No. She wasn’t sure this was what her parents would have wanted at all.
Though, given what she had found out about her family – her mother’s affair with Lord Harford, her father’s revenge that had sent her mother to the guillotine – maybe she didn’t know that much about her parents. Watching Lady Harford flick through fashion plates, Camille wondered if she knew of the affair. Or – a darker thought – perhaps her illness had been Lord Harford’s excuse to stray.

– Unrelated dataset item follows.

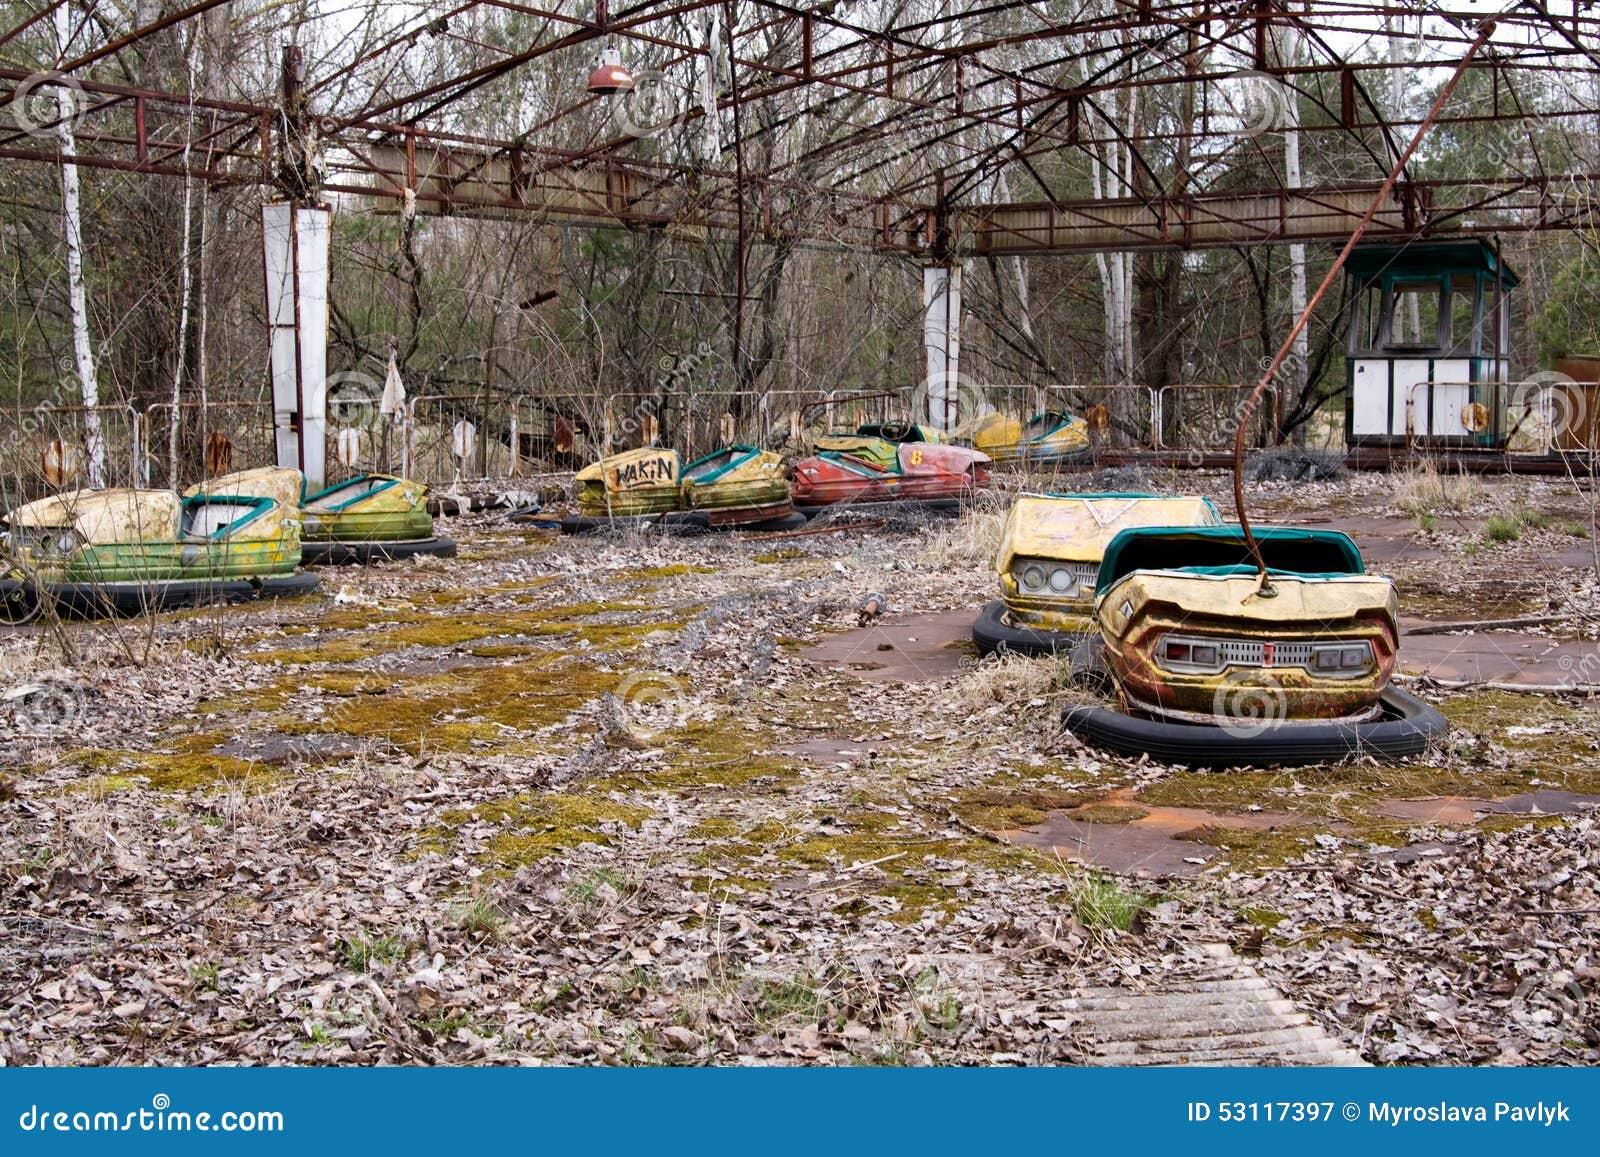 Donna laureata? Niente figli Parco-di-divertimenti-abbandonato-nella-città-fantasma-di-pripyat-cernobyl-53117397

Camille wasn’t sure she wanted to know the answer.
The patterns decided, it was time for the huge bolts of cloth to be brought for inspection under the domed skylight, and candles that were brought for the express purpose of testing how a colour would look when firelight was all that was on offer.
Camille let the other women take the lead. She felt exhausted, hectic spots of colour burning in her cheeks, her pulse fluttering in her throat. She hadn’t realised how outnumbered she was going to feel, faced with so many people to manage, or how stressful it would be to play the long con. This wasn’t a job with a clear get-in and get-out; it stretched on indefinitely, demanding more than her quick wits or skill with a knife.
Seeing James’s family made her miss her battalion, Guil and Olympe and Ada, especially Ada. The rosewater smell of her skin, the brush of her fingertips and the crumple of her nose when she was about to tell them how short-sighted they were being – and, oh god, how she missed her parents too and a million other things she could never go back to.
Even so, it was still a job. She had to make it work. James was rattled; now they had to work out where he was hiding Olympe. Camille knew from experience it was no easy task keeping someone hidden, and James was an amateur. If Al could follow him, they could learn where his base was – and plan how to strike. This wasn’t her world; the rules she played by in Paris wouldn’t work here, but moving quietly and playing the role expected of her could be just as effective as any other weapon. Ada had taught her that.